A pesar de su rápido ascenso profesional, su vida sentimental estuvo marcada por la turbulencia. Antes de conocer la estabilidad aparente, Anel vivió romances complejos y dolorosos, incluyendo una relación como amante de un hombre acaudalado y casado que la mantuvo en una especie de “jaula de oro” en un penthouse de la colonia Anáhuac, una situación que terminó rompiéndole el corazón al descubrir la realidad de su posición. En un ejercicio de honestidad inusual en el medio artístico, la propia exmodelo confesó años más tarde haber vivido una juventud de excesos en la que llegó a someterse a seis abortos y a intercambiar compañía por dinero en fiestas de la alta sociedad organizadas para caballeros adinerados.
El capítulo definitivo de su vida llegó a principios de la década de los setenta a través del actor Andrés García, con quien mantenía una relación abierta. Anel, cansada de los hombres inestables, le pidió a García que le presentara a alguien con quien casarse. El elegido fue un joven y talentoso intérprete que saboreaba sus primeros éxitos: José Rómulo Sosa Ortiz, conocido universalmente como José José. El flechazo ocurrió de manera fulminante tras la mítica interpretación de “El triste” en el Festival de la Canción Latina. Aunque hubo un distanciamiento inicial debido al breve y escandaloso matrimonio del cantante con la millonaria Kiki Herrera Calles —quien le doblaba la edad—, el destino volvió a unirlos en un momento crítico.
Anel reencontró a José José en una cama de hospital, debilitado por los estragos de una incipiente adicción al alcohol. Movida por el amor y el deseo de rescatarlo, asumió el rol de pareja, mánager y enfermera particular. Tras casarse, la pareja procreó a sus dos hijos, José Joel y Marisol. Durante más de dos décadas, Anel experimentó la doble cara del éxito. Mientras el público adoraba al “Príncipe de la Canción” en la gloria del escenario, ella lidiaba en la intimidad de su hogar con un hombre frágil, asediado por las tentaciones, las fanáticas que invadían su privacidad y un alcoholismo destructivo que provocaba profundas depresiones en el artista y un desgaste físico y emocional absoluto en su familia.

Tras 21 años de matrimonio, la relación se desmoronó de forma irreversible en un amargo proceso de divorcio.

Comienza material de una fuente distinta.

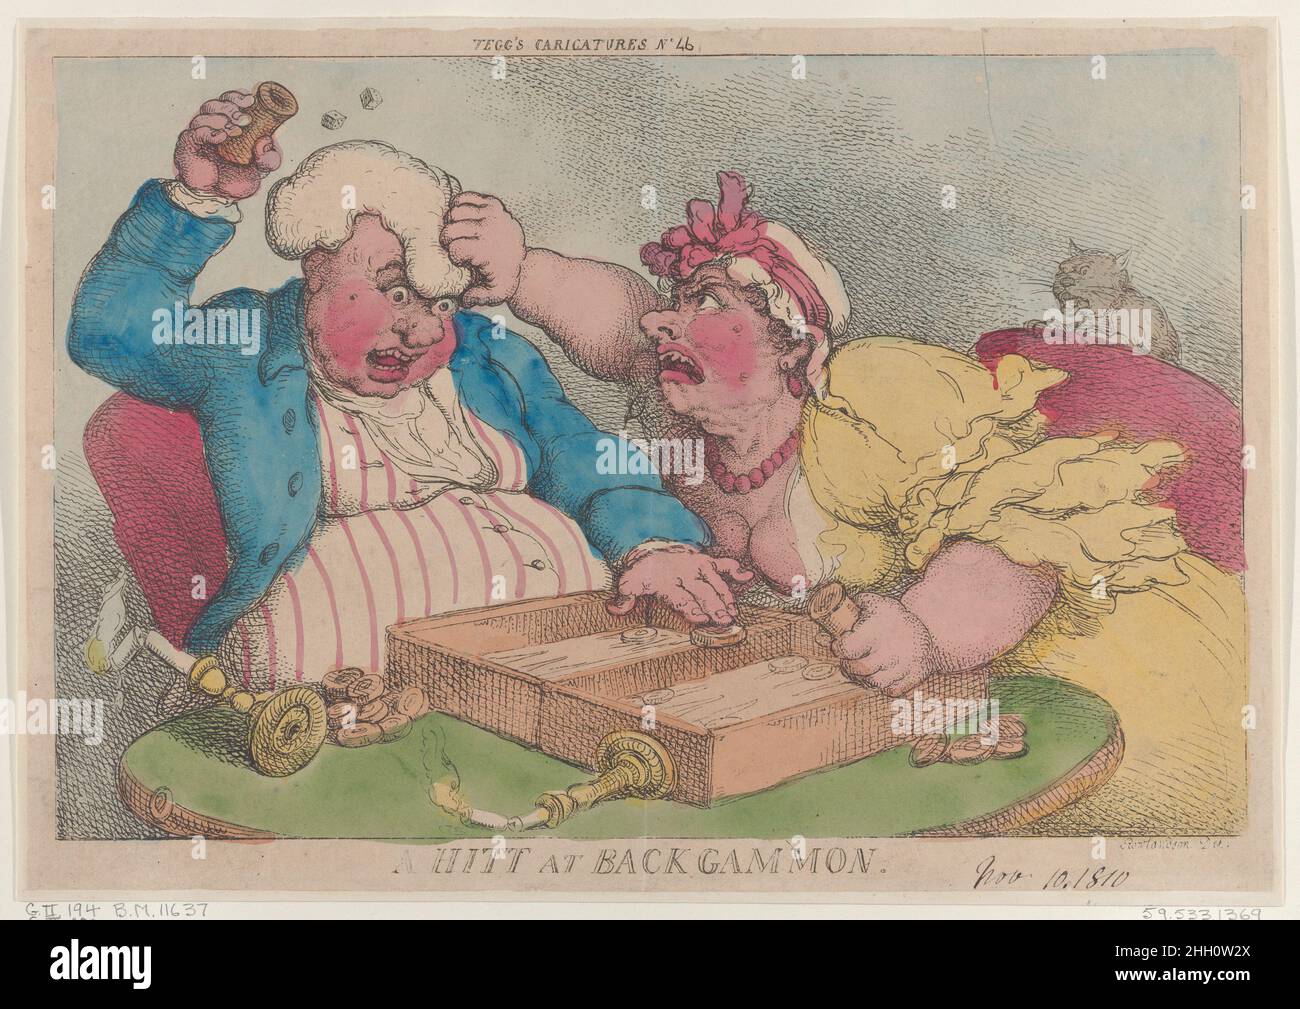 A Hitt at Backgammon November 9, 1810 Thomas Rowlandson A man and woman play backgammon. The woman at right is frantic with rage, and leans towards the man to seize his wig. Two candlesticks are overturned on the table and a cat meows at the back of her chair.. A Hitt at Backgammon. Thomas Rowlandson (British, London 1757–1827 London). November 9, 1810. Hand-colored etching. Thomas Tegg (British, 1776–1846). Prints Stock Photo

La polémica persiguió a Anel incluso décadas después, especialmente tras el lanzamiento de la serie biográfica de José José, donde fue retratada como una mujer codiciosa, manipuladora y adicta a las anfetaminas, acusaciones que ella calificó firmemente como una recopilación de mentiras diseñadas para dañar su reputación, defendiendo que siempre cuidó el patrimonio de sus hijos.
Hoy en día, a sus 81 años de edad, los ecos de esa vida intensa y las constantes batallas familiares —incluido el distanciamiento con su hija Marisol— han comenzado a pasarle una factura muy alta a su salud. Recientemente, la alarma se encendió entre sus seguidores tras sufrir un infarto cerebral fulminante que le provocó la pérdida temporal del habla y requirió su traslado de emergencia a un hospital. Aunque la veterana actriz logró salir de la crisis inmediata y se encuentra en proceso de recuperación lidiando con secuelas del habla, diabetes e hipertensión, su situación actual refleja la fragilidad de una mujer que lo dio todo por el amor y el espectáculo, y que hoy mira el pasado con la certeza de haber sobrevivido a su propia leyenda.